DATA SECTION ▸
>>

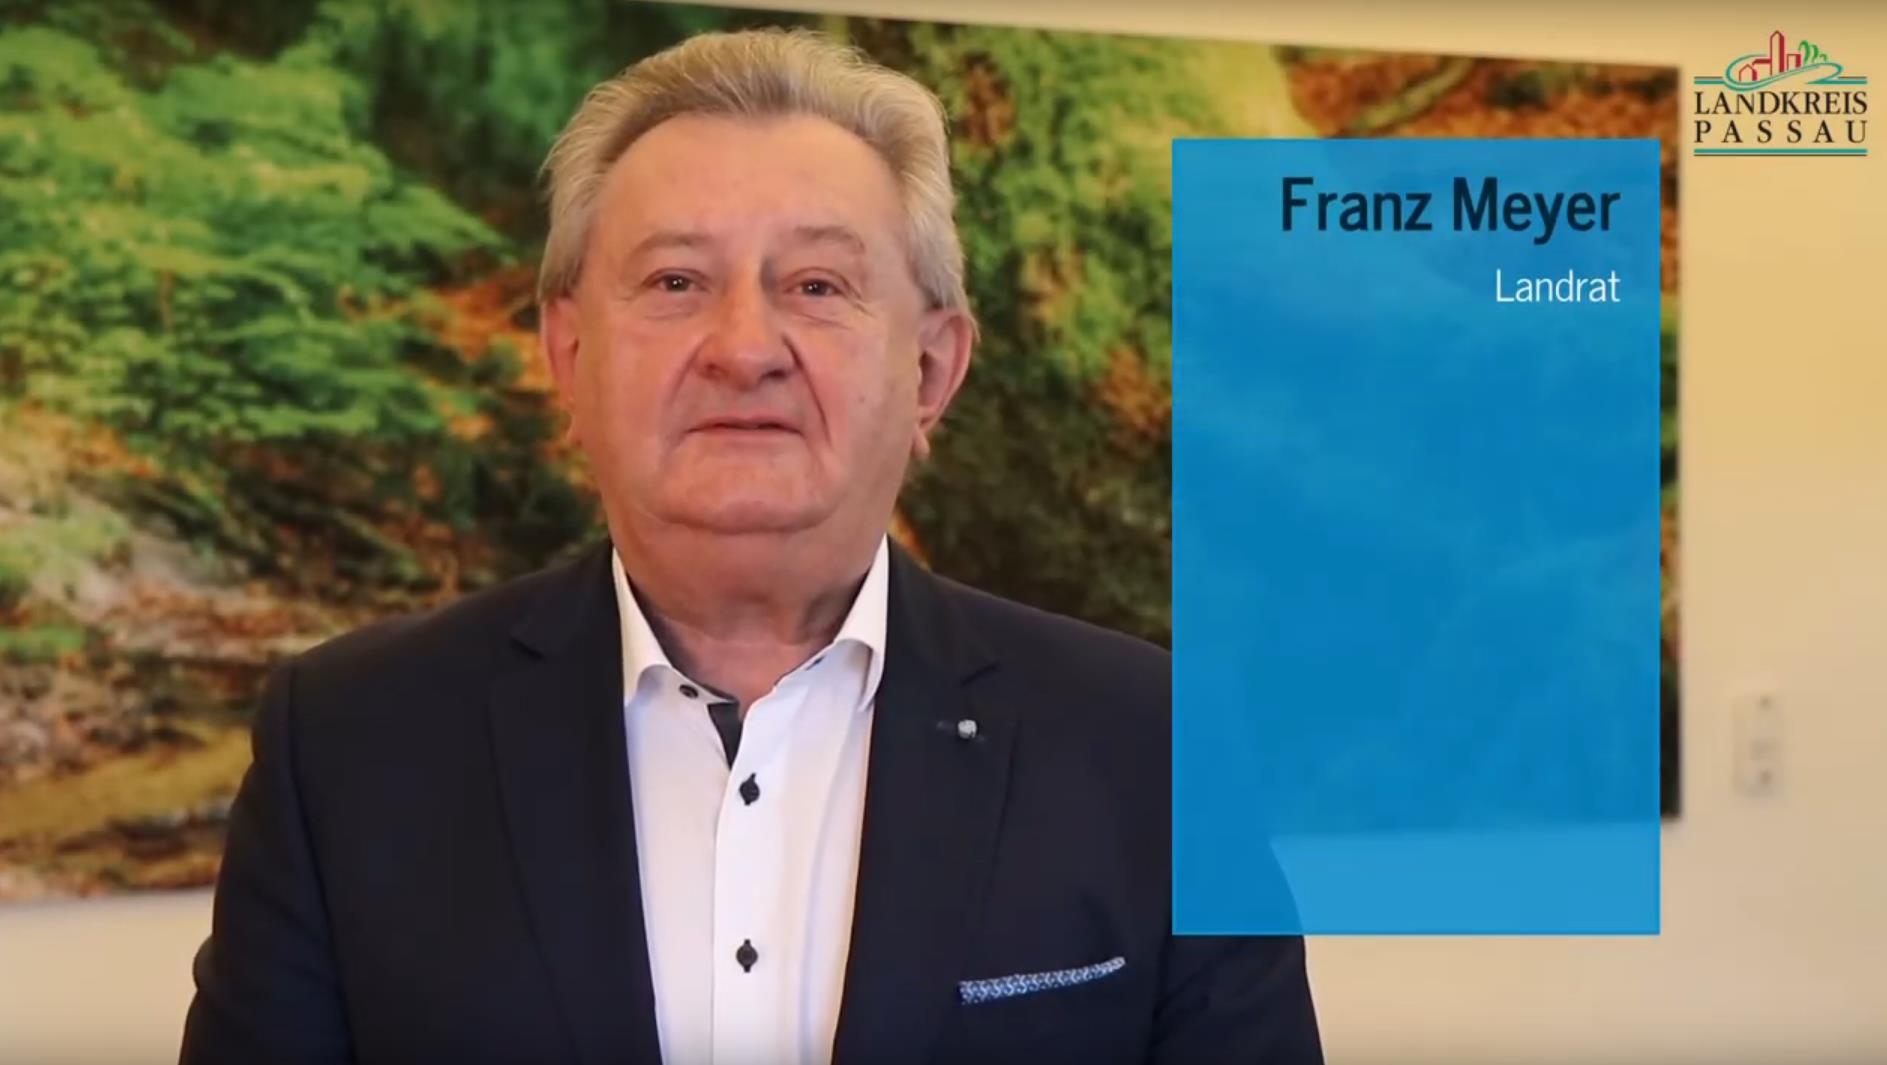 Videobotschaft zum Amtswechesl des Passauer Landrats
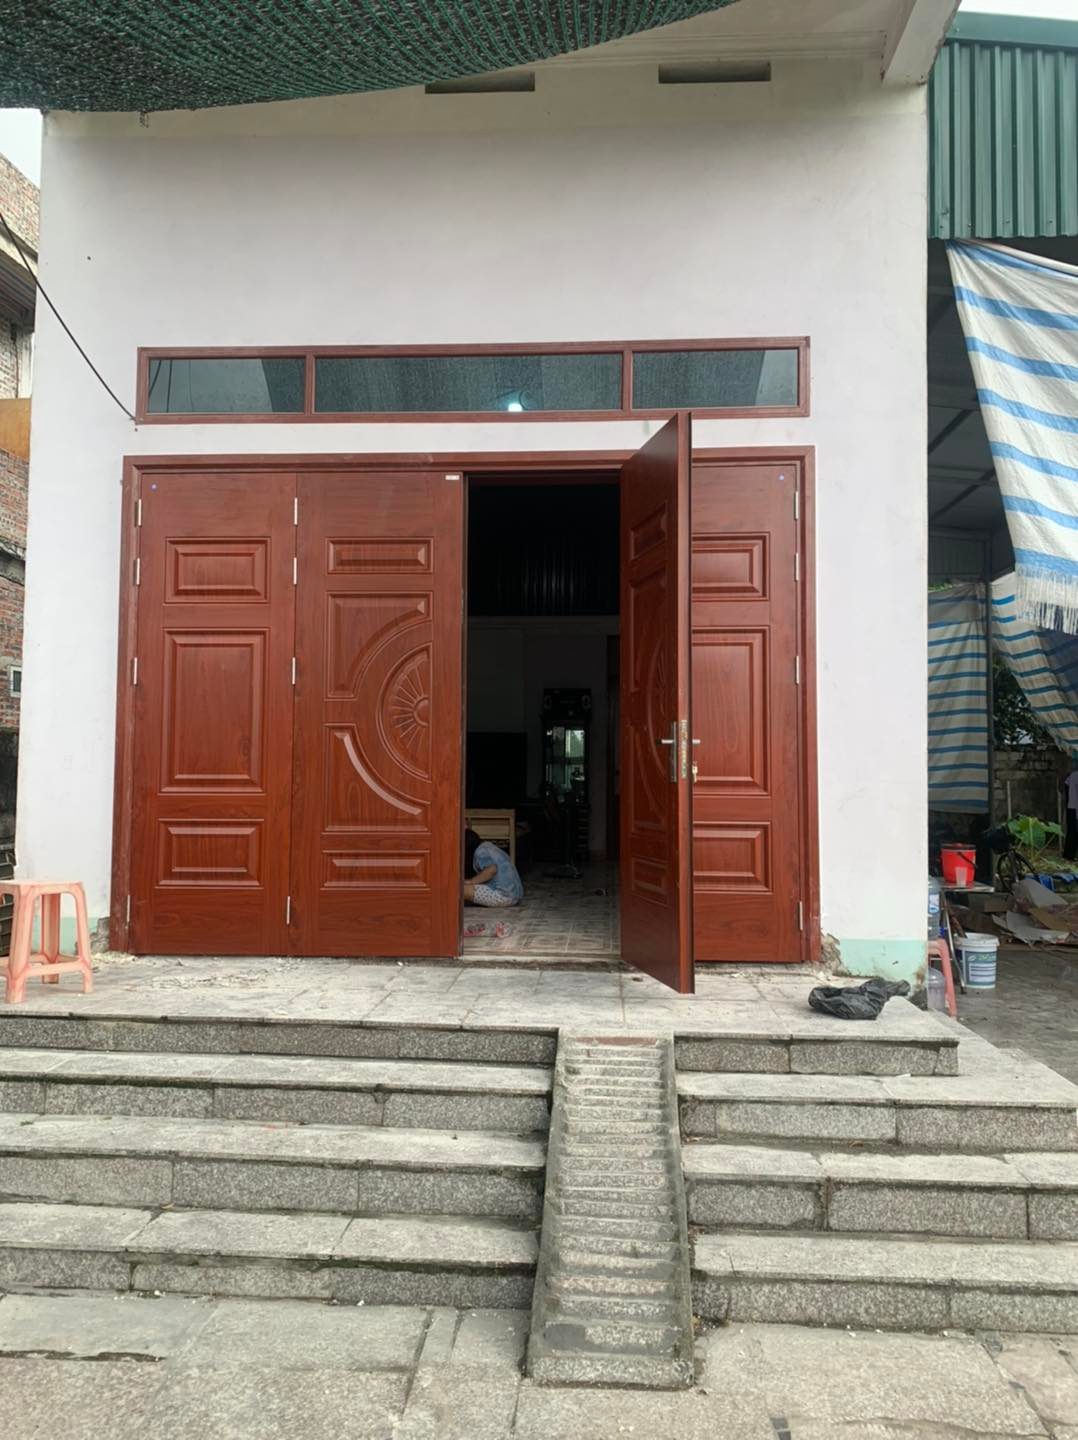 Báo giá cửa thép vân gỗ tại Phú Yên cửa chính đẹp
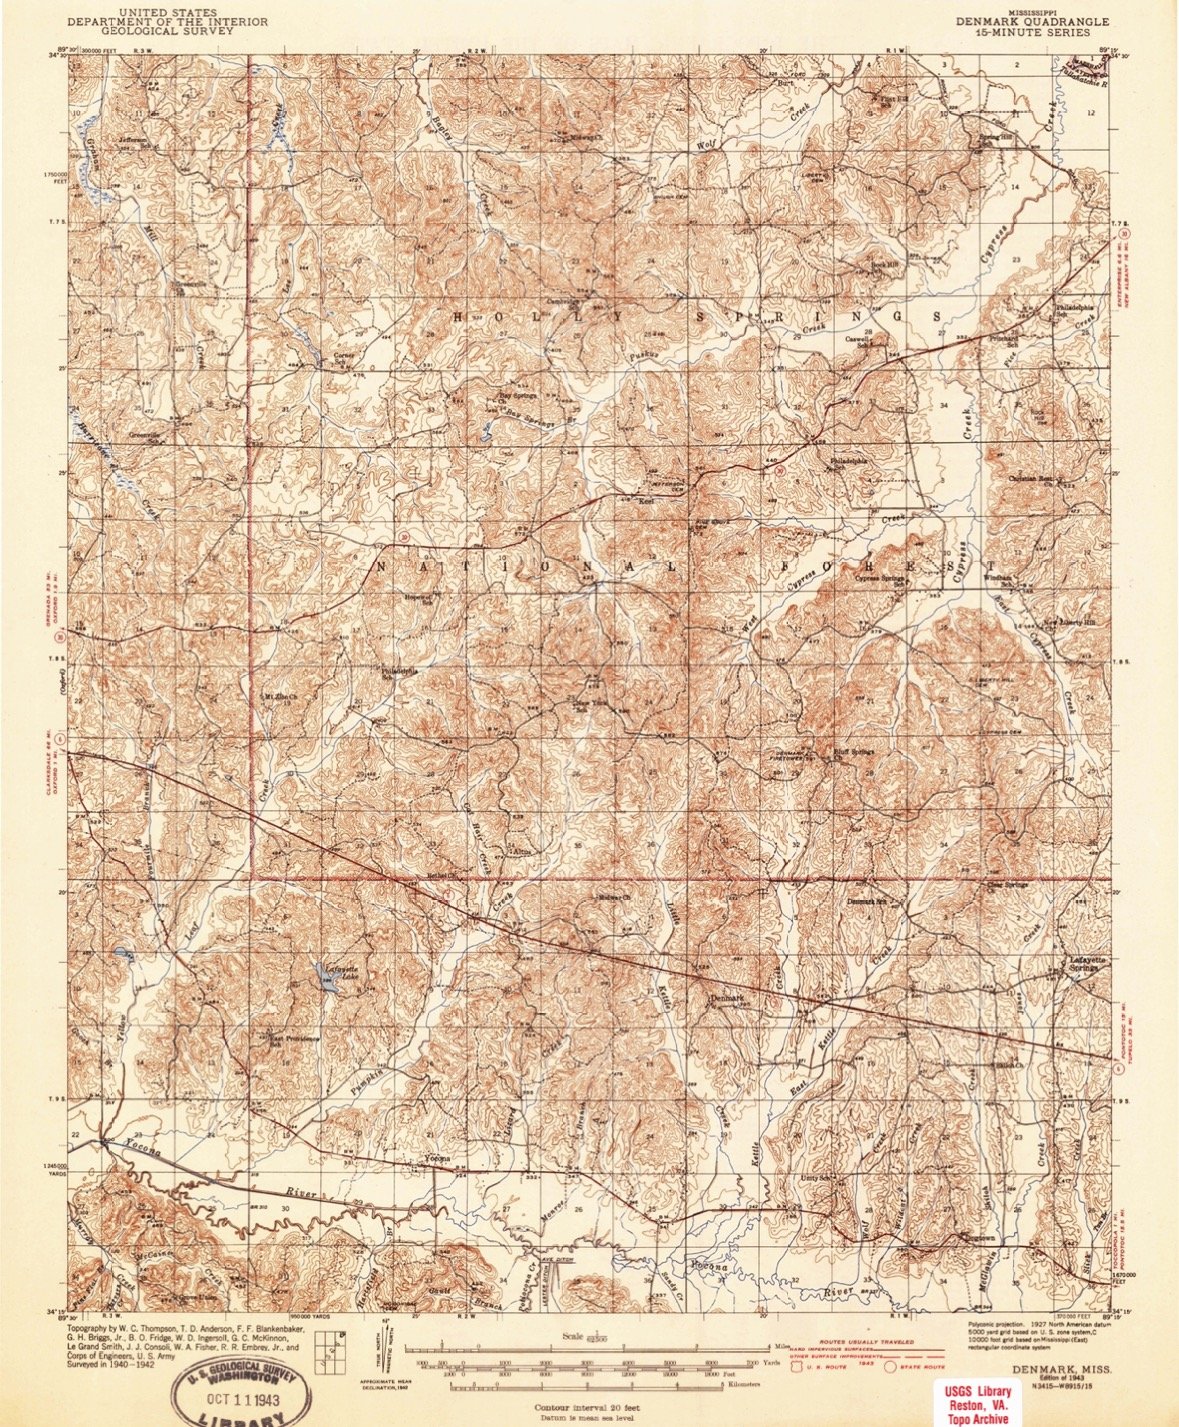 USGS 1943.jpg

<<

PROBLEM STATEMENT ▸ Every line of the material must be returned exactly; leave the images out.

RESULT FOR THIS TASK ▸
 Videobotschaft zum Amtswechesl des Passauer Landrats
 Báo giá cửa thép vân gỗ tại Phú Yên cửa chính đẹp
 USGS 1943.jpg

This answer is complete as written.